Fig. 4. Raman spectra (a), Raman mapping at 487 (b) and 604 cm-1 (c) and PL spectra (d) of waveguides. Excitation wavelength: 532 nm. Inset of (a): cross-section of one typical waveguide.
Fig. 5. (a) ω1, D1 and D2 peak positions. Raman spectra normalized to the intensities of ω1 (∼430 cm-1,b) and ω3 (∼800 cm-1, c) peak. The error bars are added for considering the broadness of the peaks as well as the resolution of the Raman spectrometer.

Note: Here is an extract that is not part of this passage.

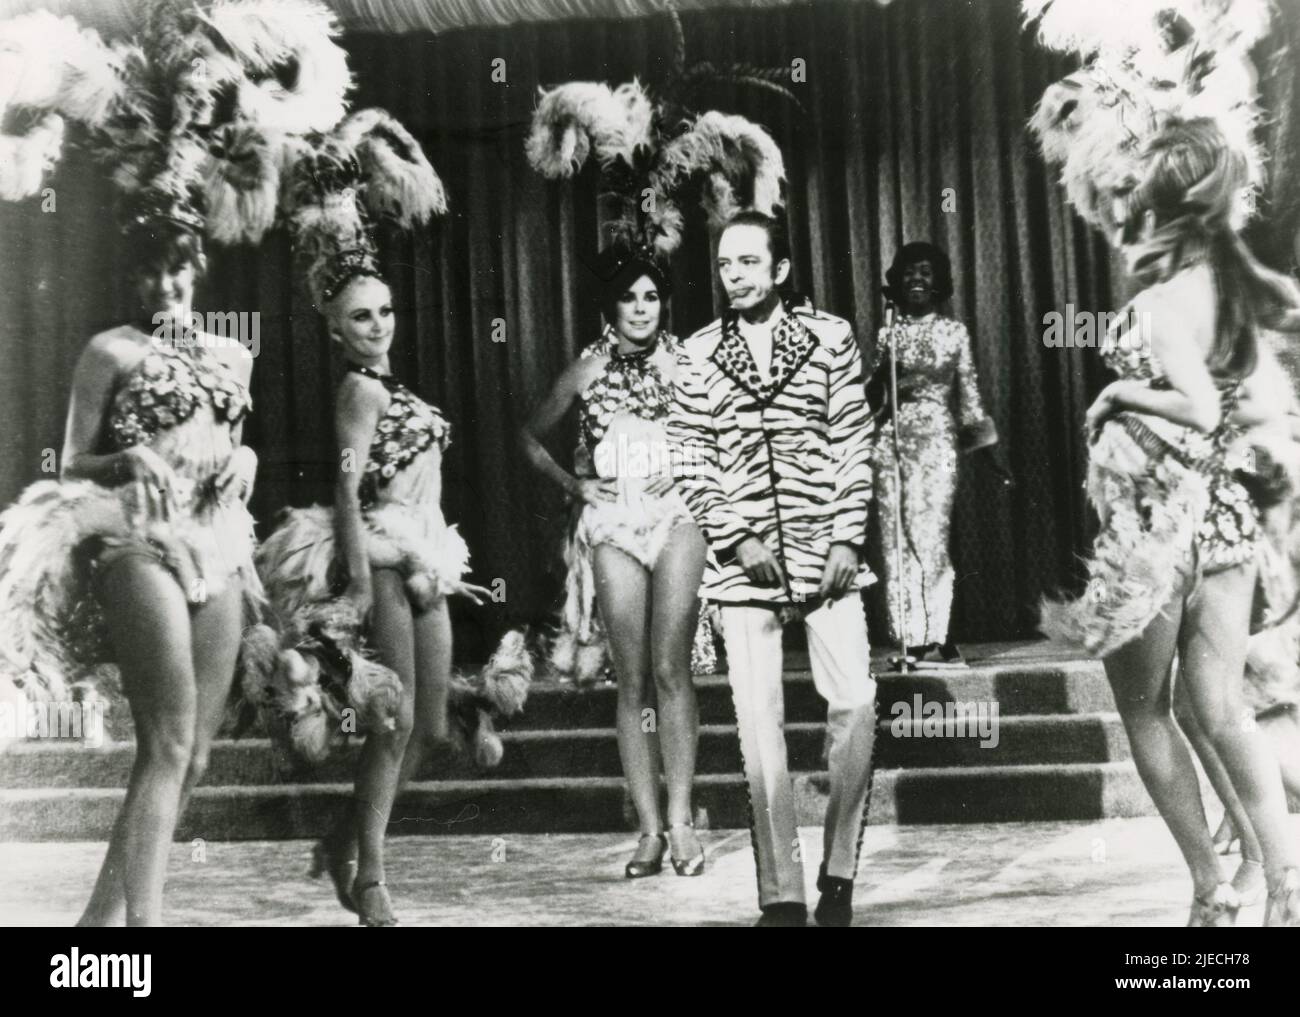 Attore americano Don Knotts nel film The Love God?, USA 1969 Foto Stock

Exposure of the glass to fs laser results in the formation of plasma with high temperature and high pressure, which generates many non-bridging oxygen hole centers (NBOHCs), consisting of Si–O groups with holes trapped on the oxygen atom [1,3]. As a consequence, defect electronic states are induced in the bandgap of silica, and enhanced NBOHC related photoluminescence (PL) can be expected. The PL spectra in Fig. 4(d) show that the emission intensity increases drastically from initial glass to the dark region to the bright region with the peak keeping nearly constant at around 710 nm. Furthermore, two PL shoulders appear with the peak positions at about 680 and 650 nm, which are absent for the silica glass. The PL behavior indicates that fs laser produce more NBOHCs that create new electronic states within the bandgap. The concentration increase of NBOHCs in the whole modified area implies that the generation of NBOHCs may not be responsible for the refractive index change [25,42,43].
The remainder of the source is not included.